It calls for listing all of your debts from smallest to largest, making only minimum payments on all of them, except the smallest one. On the smallest one you put everything you can into paying it off.

When that goes away, you take all of that same money budgeted for debt elimination and you apply it to the second-smallest debt. The amount of money each month dedicated to paying off debt “snowballs” until your debt is completely eliminated.

Ramsey is coaching people to knock out the easiest stuff first. To taste the small wins. And to feel the motivation to tackle the bigger challenges and win those, too.

Whatever problems you’re facing in your life are probably the most-difficult for you to overcome.

Any problems you had which didn’t require a lot of time, money or effort to solve, have most likely already been solved.

What’s left is the really hard stuff.

One of my favorite writers and thinkers—Seth Godin—wrote about this a few days ago in his “The problems you’ve got left…” post.

Godin writes about business. About marketing principles. I work in marketing so I try to read him every day. But he has a knack for writing things that cross over into other aspects of the human experience as well. I think he’s a genius.

In this post, Godin is asking us to evaluate the remaining problems, challenges, obstacles in our lives at work.

I think we can just as easily apply this to our lives at home.

He wrote this:

“The problems you’ve got left are probably the difficult ones.

“We’d all like to find discount answers to our problems.

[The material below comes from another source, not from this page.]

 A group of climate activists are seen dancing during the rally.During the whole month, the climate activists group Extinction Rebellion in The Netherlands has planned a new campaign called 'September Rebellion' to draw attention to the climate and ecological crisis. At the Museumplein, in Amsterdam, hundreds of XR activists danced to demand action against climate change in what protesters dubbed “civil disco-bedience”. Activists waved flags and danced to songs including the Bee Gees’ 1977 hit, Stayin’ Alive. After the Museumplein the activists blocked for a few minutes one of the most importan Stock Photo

Organizations, governments and individuals prefer to find the solution that’s guaranteed to work, takes little time and even less effort.

“Of course, the problems that lend themselves to bargain solutions have already been solved.

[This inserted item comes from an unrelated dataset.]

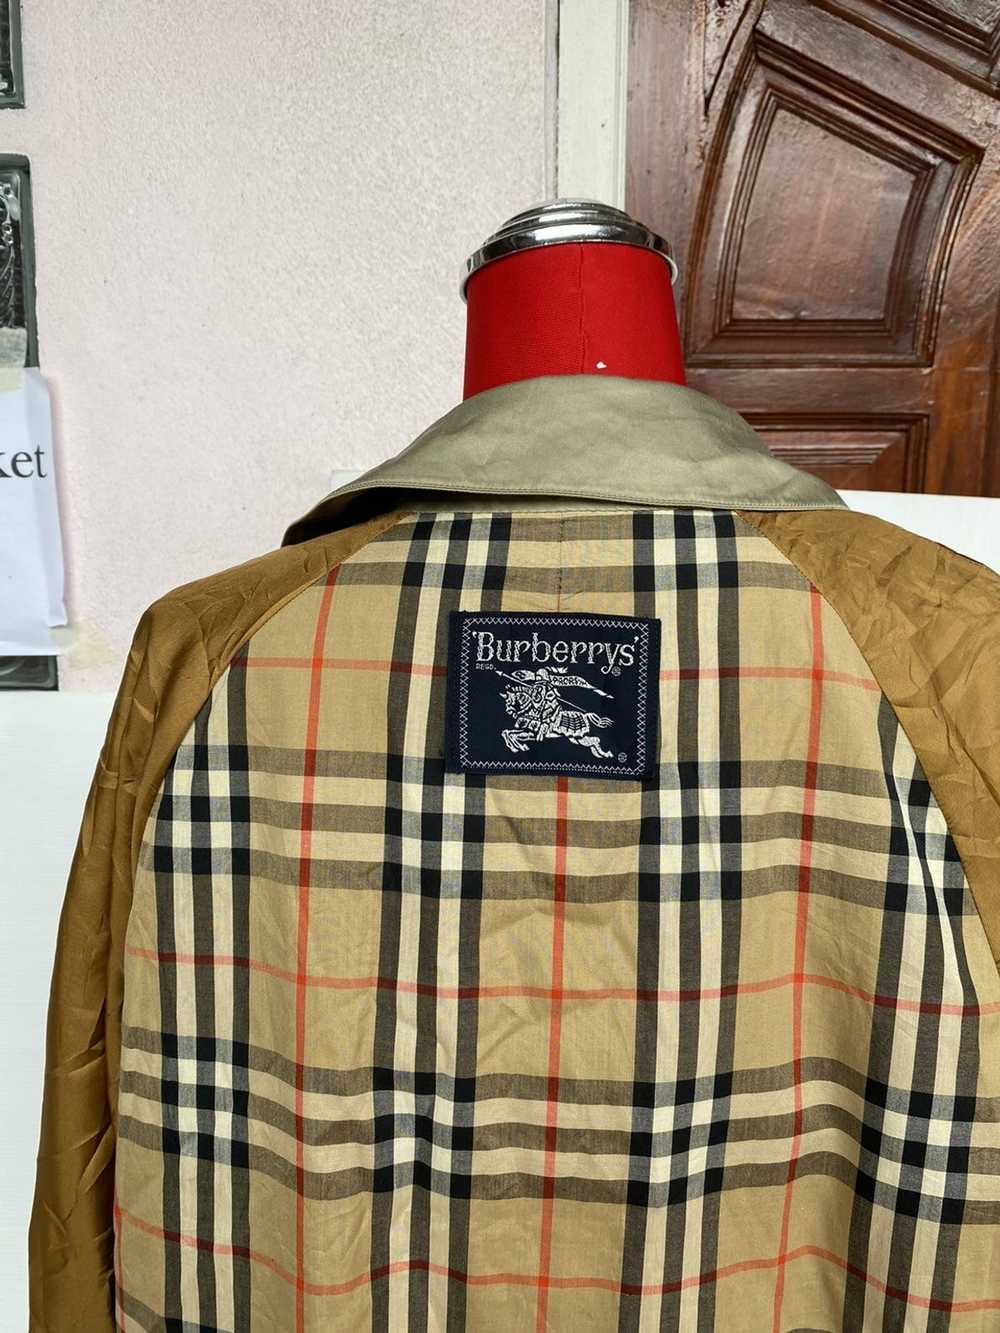 Burberry RARE VINTAGE BURBERRY TRENCH COAT - image 4

“What we’re left with are the problems that will take ridiculous amounts of effort, untold resources and the bravery to attempt something that might not work.

“Knowing this before you start will help you allocate the right resources… or choose not to start at allthis problem, the one that won’t be solved in a hurry, might not be worth the effort it’s going to take. If it is, then pay up.”

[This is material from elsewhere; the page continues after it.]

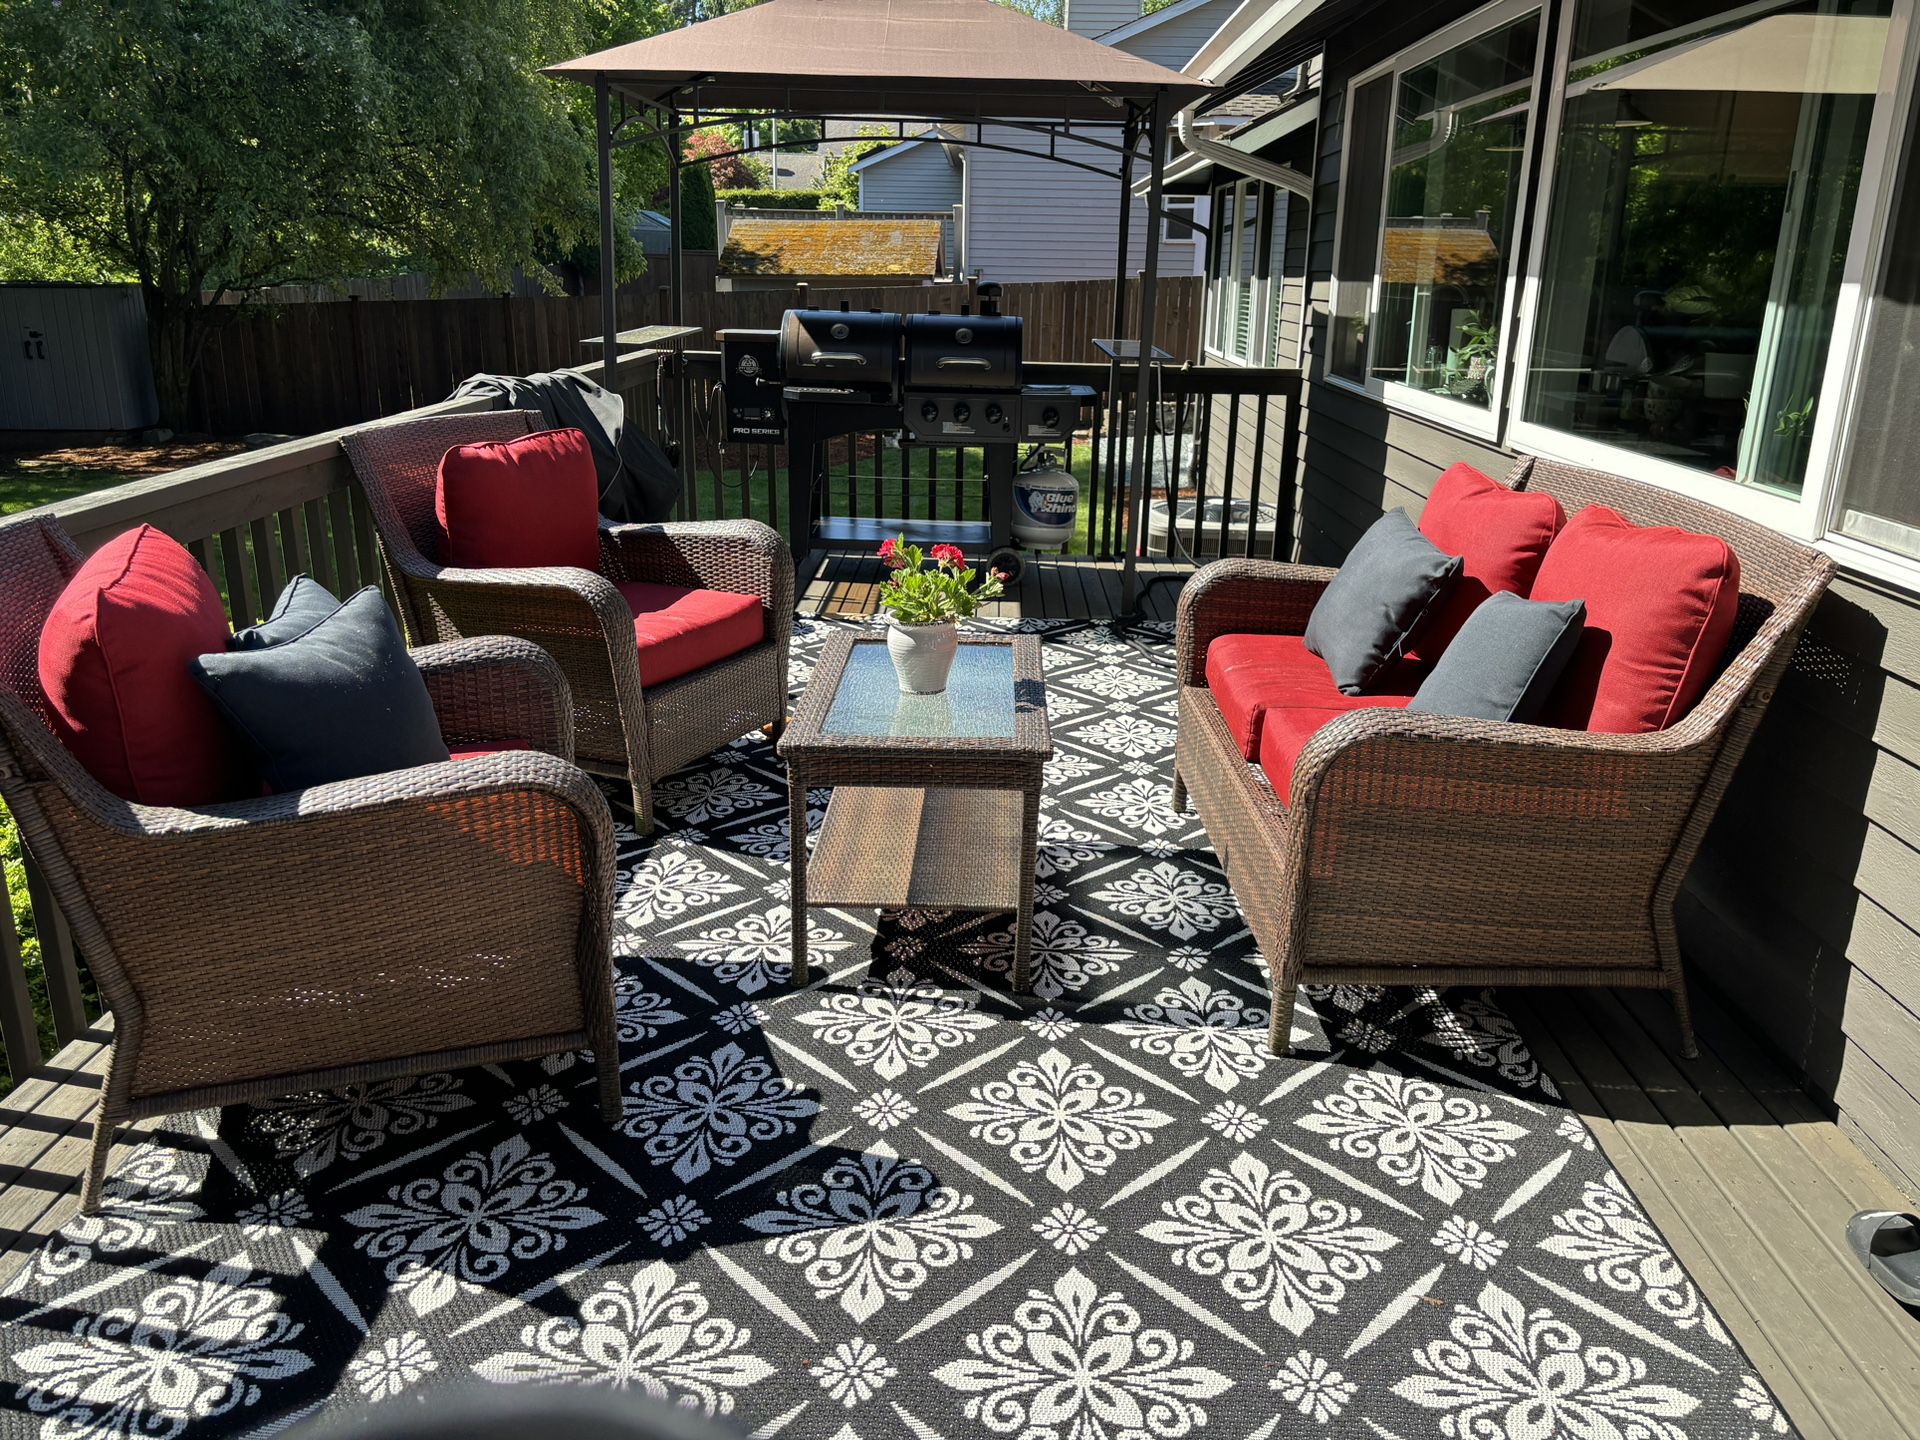 Outdoor Patio Carpets (two From Costco)

I immediately started to evaluate my “problems.”

Which ones lend themselves to bargain solutions?

There are some that do. Facets of my life that can legitimately improve if I’m only willing to make a few small, disciplined changes to my schedule, to my work ethic, to my routine.

The big problems are big.

They require big ideas. Big effort. Big solutions.

But in the meantime, maybe we can start building some momentum by knocking out some of the simpler ailments that impact our lives.

For most of us, the biggest obstacle to getting started is inertia.

People don’t think enough about it. I know I don’t. But it’s important. And it’s real.

Inertia is the resistance of an object to any change in its state of motion. You know. Isaac Newton shit.

It means that objects at rest tend to stay at rest. That’s the bad news.

Because it’s really hard to get moving sometimes.

But inertia can be our friend, too. Because the same principle applies to objects already in motion. They tend to stay in motion.

Our lives, I think, work the same way. When we’re stuck in ruts… financially, spiritually, mentally, physically, emotionally… we tend to stay stuck in the rut.

Until something—hopefully our will—forces us to do things differently.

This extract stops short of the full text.